Reformatted for sure, not sure of the substance yet.


----------



## Francis Vineyard (Jan 31, 2018)

“The section has been revised by creating a list identifying the requirements for Group R-2 & R-3 occupancies separately.

For a Group R-2 occupancy, it has been clarified that EERO are only required on those stories having only one complying exit. A single exit would be permitted under the allowances established in Section 1006.3.3 although this requirement is intended by the 2015 IBC, the inclusion of scoping language in Section 1030.1 no longer requires the code user to view Section 1006.3.2 to determine applicability.

The application to Group R-4 occupancies has also been clarified by adding it to the scoping list. As a general rule, Group R-4 occupancies are required to comply with the design and construction requirements for Group R-3 occupancies. Therefore, its addition to the scoping provisions only provides further clarification.”

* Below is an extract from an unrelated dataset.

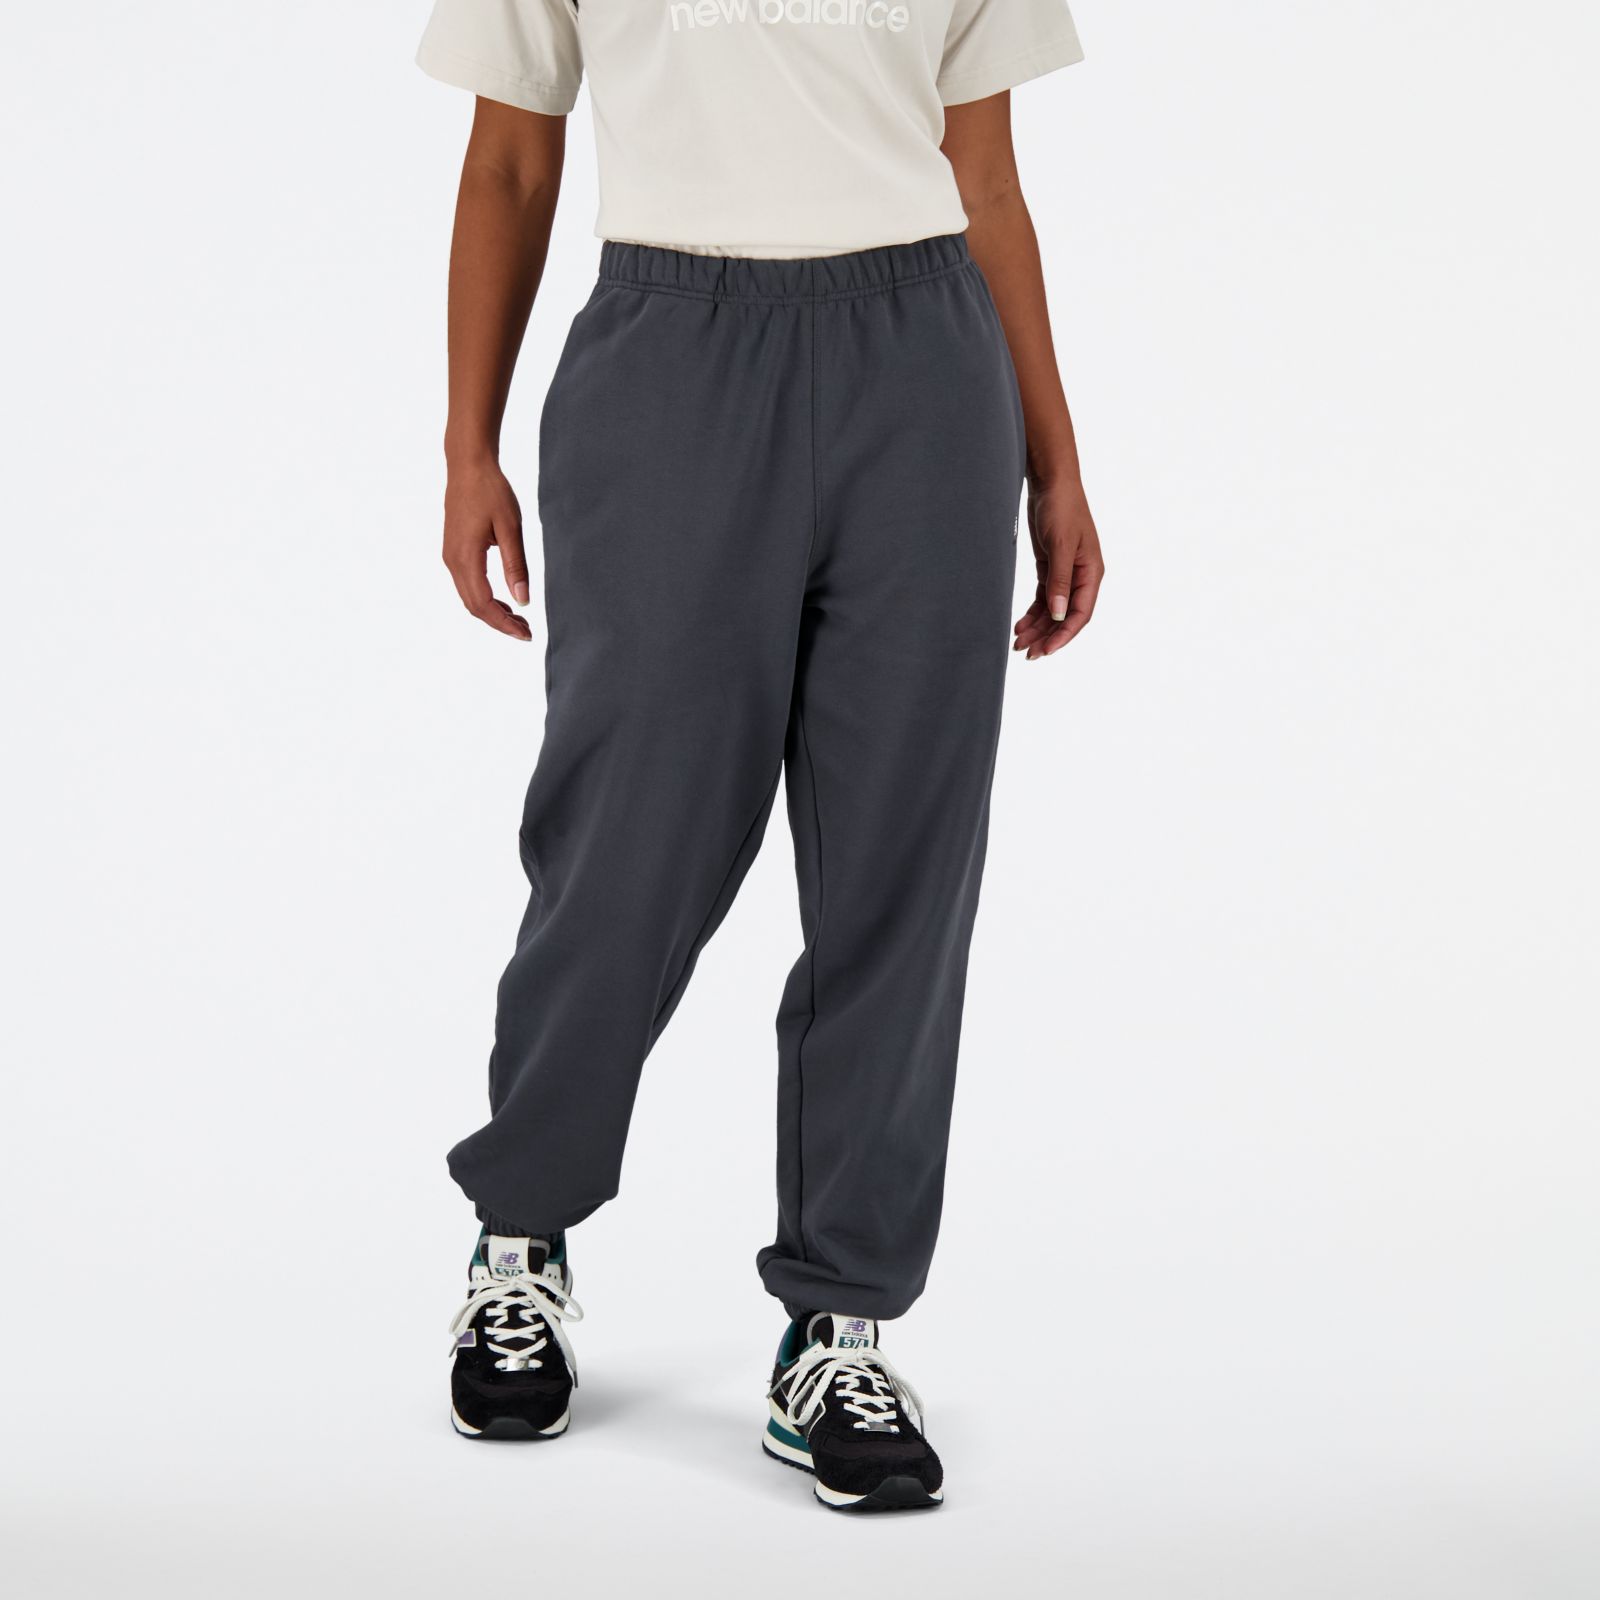 New balance Athletics Remastered French Terry Pants

Source: 2018 Significant Changes


----------



## cda (Jan 31, 2018)

Thought there was something about fall protection also ??


----------



## JBI (Feb 6, 2018)

Mostly reorganization, some adjustments, a new exception for basement bedrooms.
Nothing earth shattering, really. May actually be more user friendly in the long run.


----------



## mtlogcabin (Feb 6, 2018)

And it all based on the building being sprinkled. So if you have a amendment to the sprinkler requirements you might want to look at amending this section


----------